Is the trademark examiner a licensed attorney?
Yes, trademark examiners at the USPTO are licensed attorneys at law. That is why they are called examining attorneys as opposed to trademark examiners. Unlike a patent examiner who most likely did not go to law school, your trademark application will be reviewed by an examining attorney who will likely be well versed in legal arguments and case law. Knowing your audience plays a significant role in crafting a strategy to overcome a trademark refusal.
What are ineffective strategies for persuading trademark examining attorneys?
I have found that simply repeating boilerplate case law will have little to no effect in convincing an examining attorney to withdraw a refusal.

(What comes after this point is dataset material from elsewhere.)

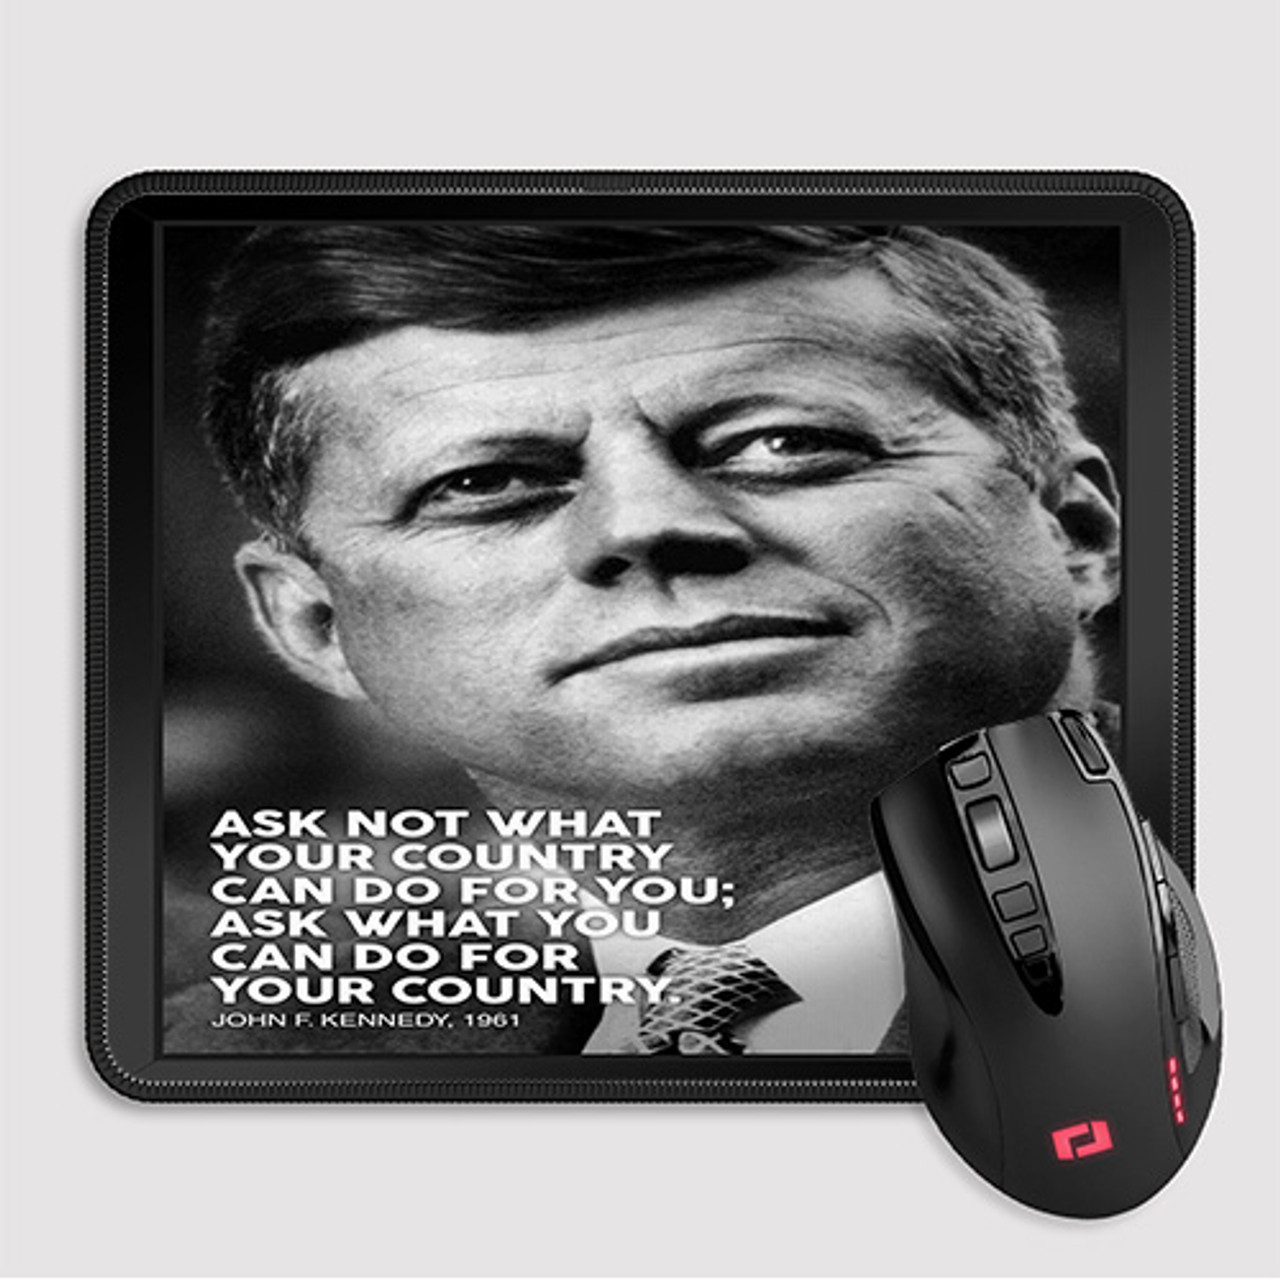 You got this mousepad with quotes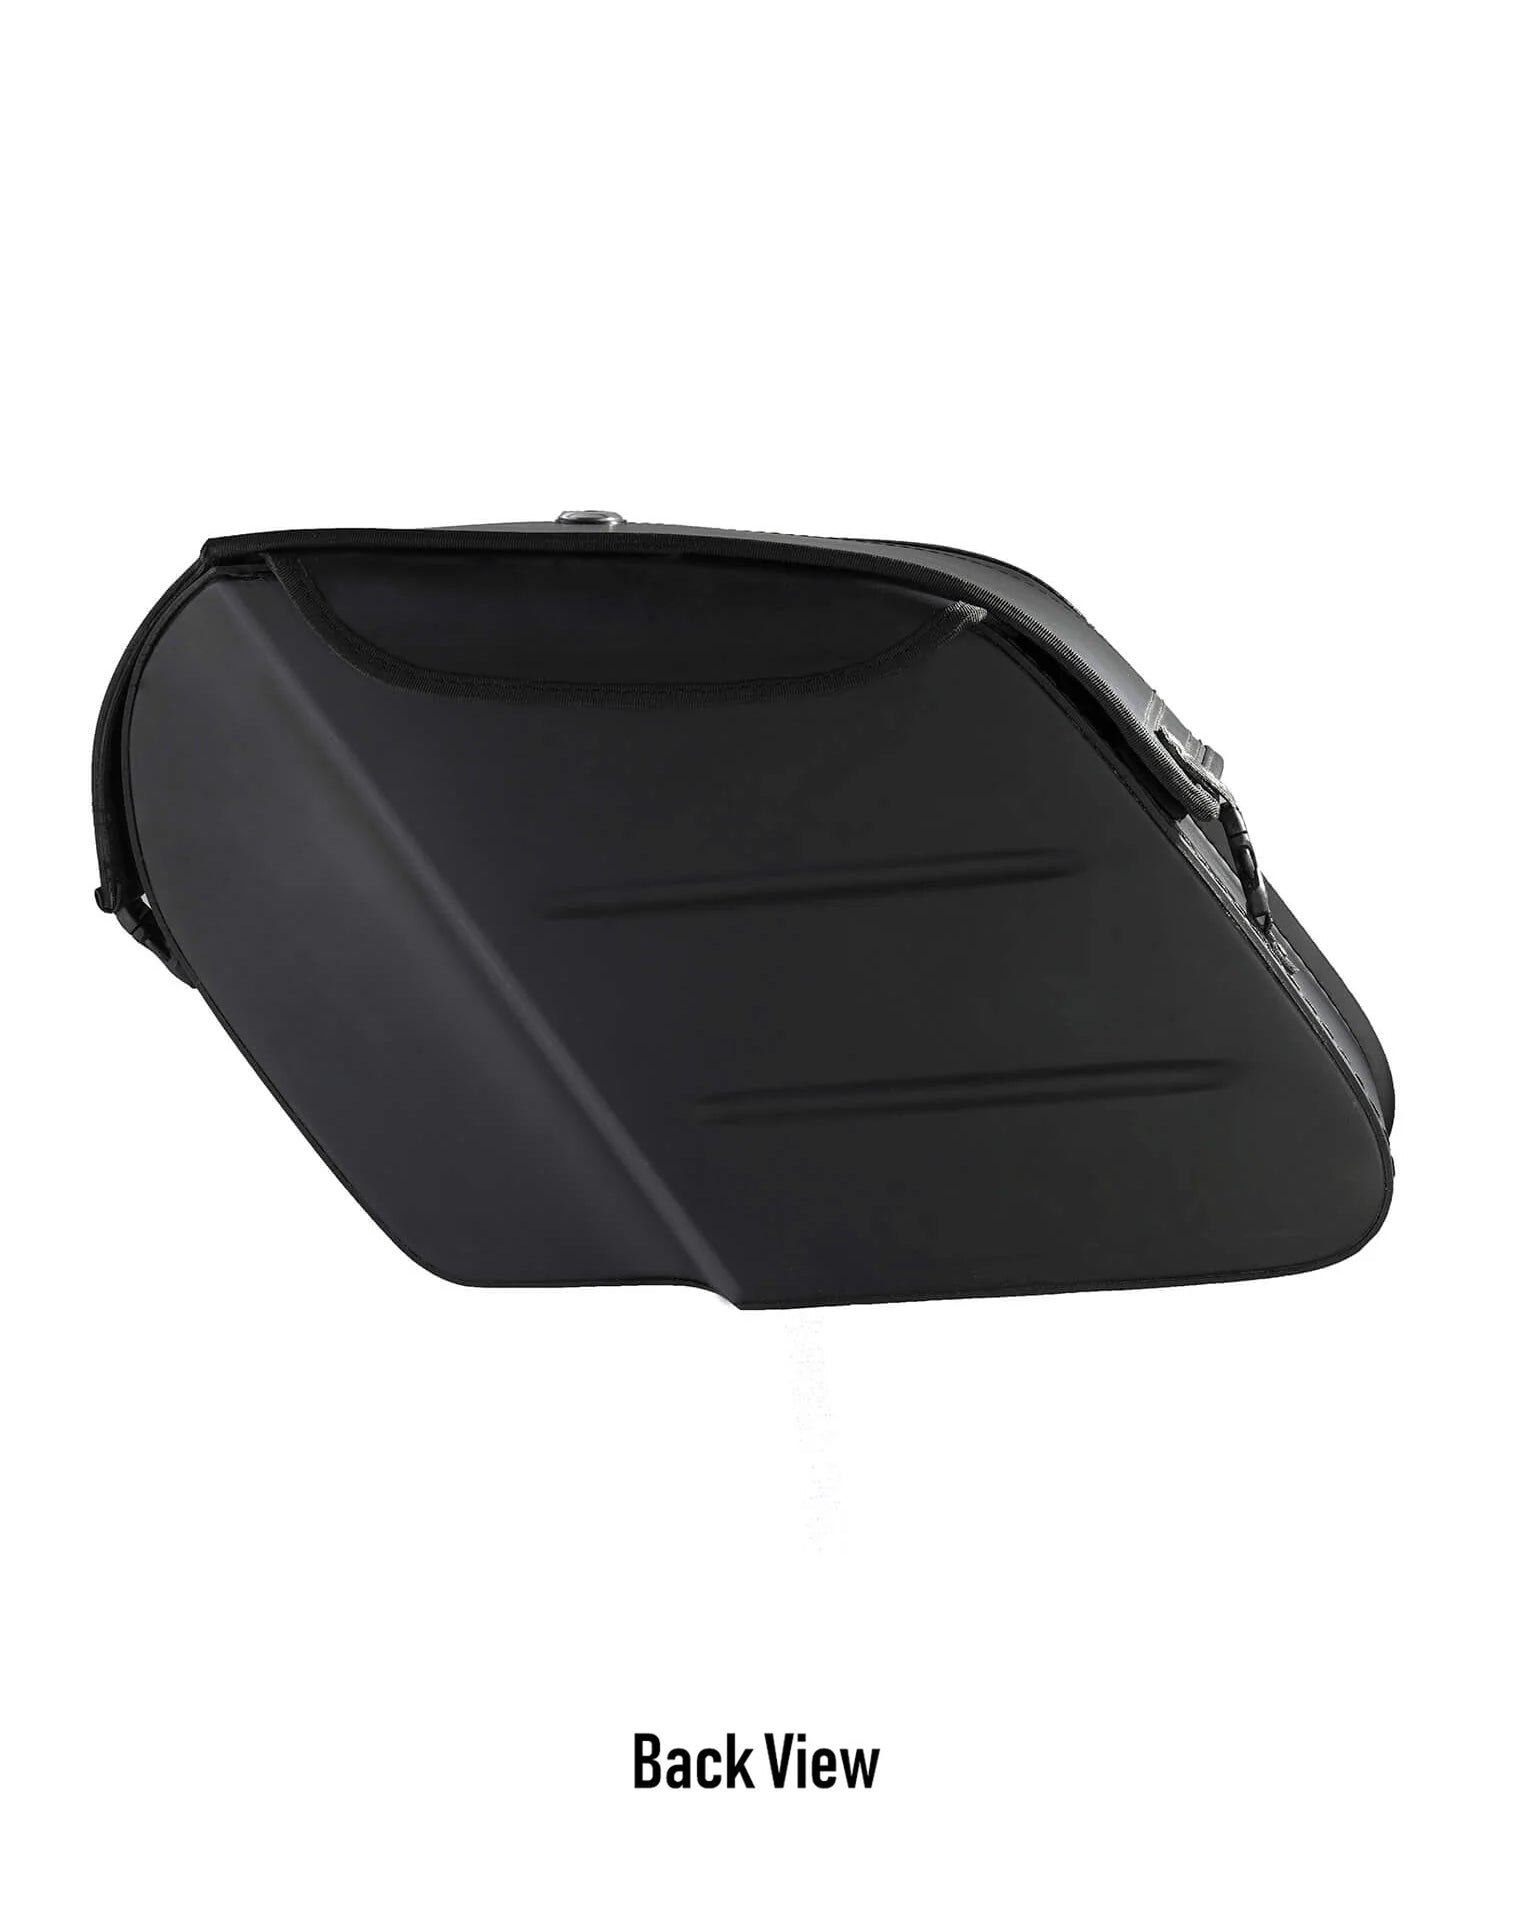 Viking Raven Extra Large Triumph Thunderbird Shock Cut Out Leather Motorcycle Saddlebags are Durable

There is nothing wrong with starting with some basic caselaw to set up the arguments, but persuasion will require much more repeating cases that examining attorneys have read countless times. I sometimes wonder if an examining attorney’s eyes glaze over case citations.
What might help to withdraw a trademark refusal?
Specific facts and examples can go a long way in convincing an examining attorney to withdraw a rejection. For example, if you are dealing with a likelihood of confusion refusal, see if multiple registrations owned by different parties exist for similar marks. If so, cite those examples and build a case for the mark being relatively weak due to high numbers of registrations and usages.
If you are dealing with a descriptiveness refusal, look for examples of similarly descriptive marks registered on either the Principal Register or Supplemental Register. Put those examples in a table and submit copies of their USPTO reports when responding to the Office Action.
Would it help to speak with the trademark examining attorney?
It depends. Sometimes a telephone call may be helpful in gathering information that is not clear in the Office Action. For example, would the removal of certain goods or services overcome the refusal?
When it comes to minor issues, the trademark examining attorney may call you or trademark lawyer to resolve simple matters. Examining attorneys are encouraged to telephone or email the applicant or his representative whenever possible to make progress in a trademark application.